You can really taste the flavors the casks have added to the Utopias, particularly the natural oak vanilla, mixed with a pleasant nuttiness and toffee aromas.
Koch always compared the Utopias to a fine glass of cognac. At last week's media dinner, at the KO Prime in Boston, that comparison was put to the test.
Anthony Dias Blue, editor-in-chief of Patterson's The Tasting Panel Magazine, and former wine and spirits editor of Bon Appetit magazine, led a group of 19 journalists and other guests in a blind tasting.
The tasters received three small snifters, each filled with about two ounces of a different liquor. We were told just one glass held the Utopias. "I will tell you, you have three really beautiful beverages," Koch said.
Then, each person was to rank each drink based on color, aroma, mouth feel, taste and finish.
"It's not like a blind tasting," Blue said. "Don't take a big gulp and swish it around, because it won't be pleasant. These are very sophisticated beverages."
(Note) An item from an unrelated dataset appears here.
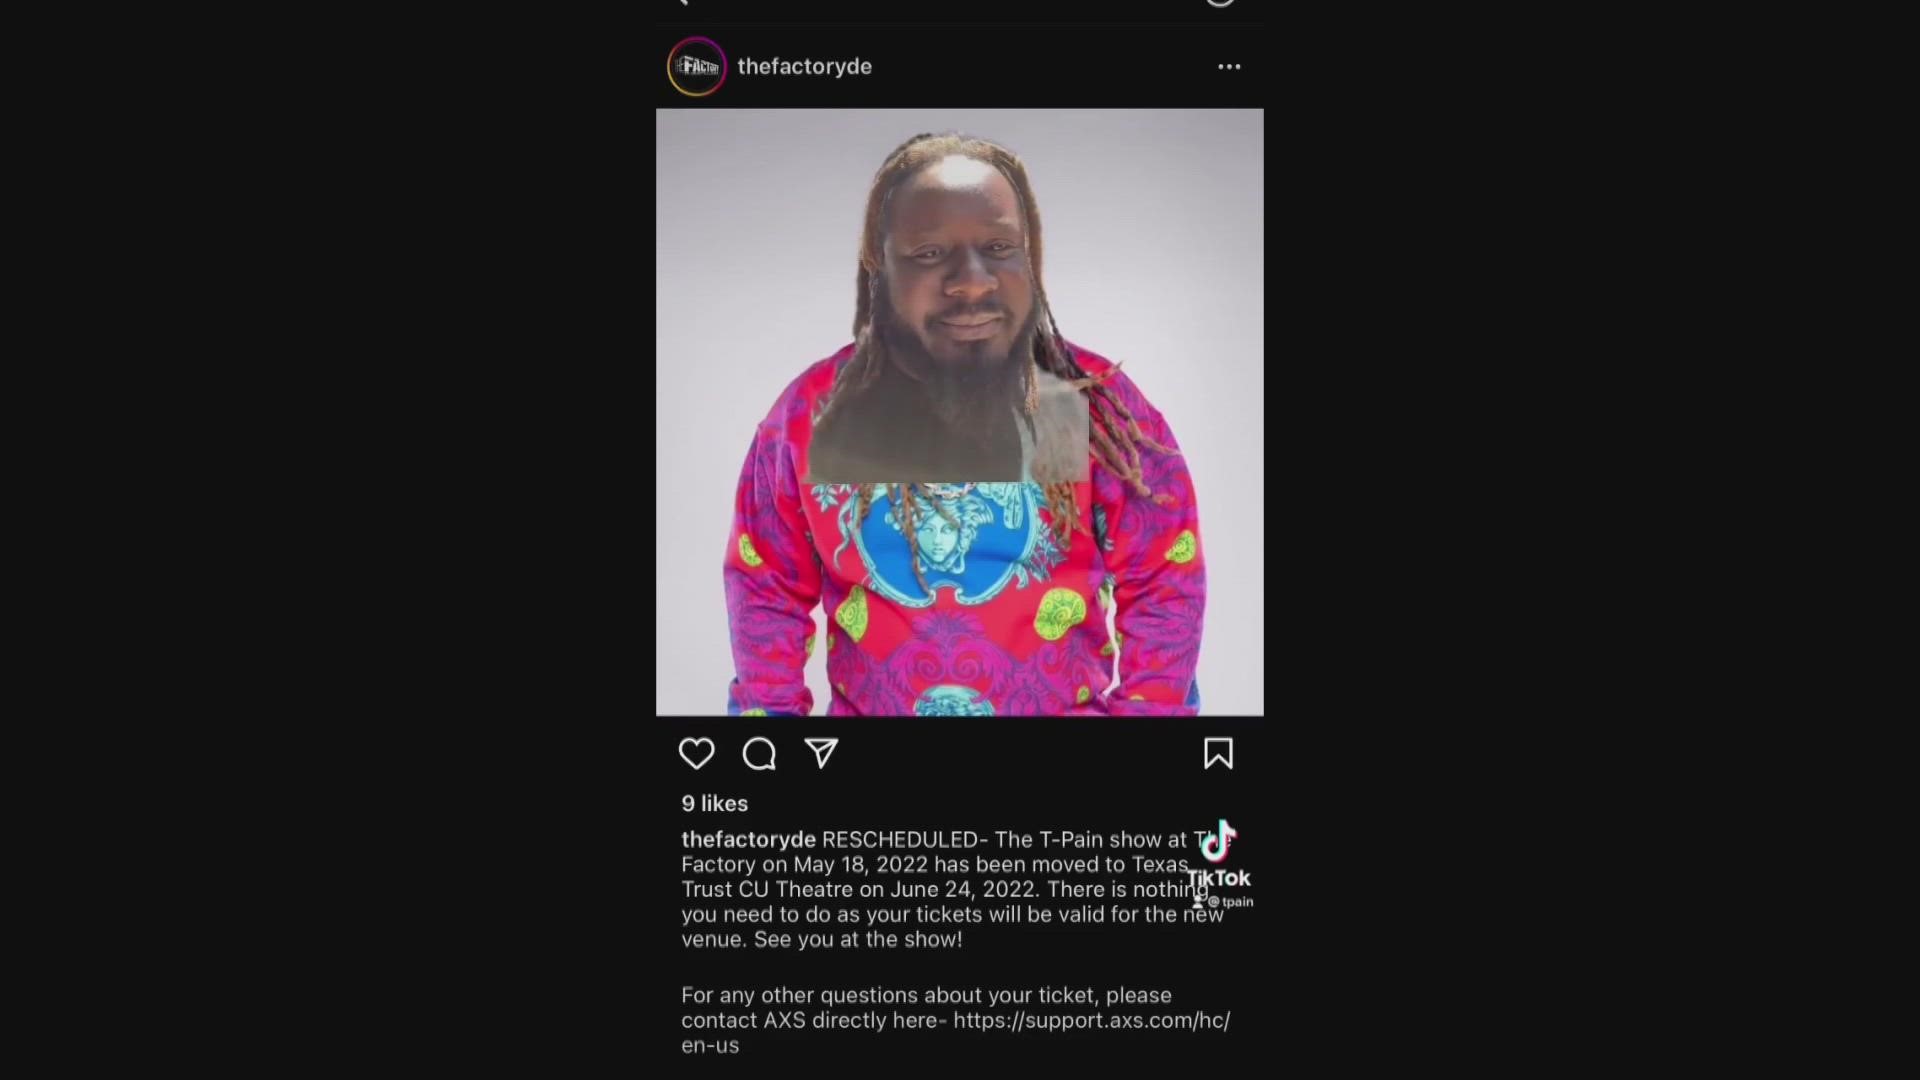 Last month, T-Pain made headlines after he complained in a TikTok video about his Dallas show selling only 26% of available tickets.

After everyone tried the drinks, the results were tallied and revealed. The first glass was a Frapin's VIP XO, an 80-proof cognac that was named one of the top 50 spirits in the world. That received a total of 287 points from the tasters.
Another sample was a 1994 Fonseca port wine, which received a 100-point rating from Wine Spectator magazine. The reviewers gave this 275 points.
The Utopias won with 307 total points. My scoring gave Utopias 20 points, with both the Fonseca and the VIP XO receiving 18. I thought the cognac's alcohol taste was too much in the forefront, and I thought the port was slightly sweet.
"It (Utopias) is pretty impressive stuff, let me tell you," said Blue. "All three of these products are the top of the line. It's wonderful. It's something no one has ever thought of before."
Samuel Adams has only produced 12,000 bottles of the Utopias. It would make a great Christmas present for someone who wants to try something unique.
Utopias would also be nice to share with the family during the holidays preferably a large family, because of the potency.
However, if you plan on making this a Christmas gift, prepare to empty your wallet. The gift box, which includes the Utopias and the Riedel glass, will retail for as much as $150.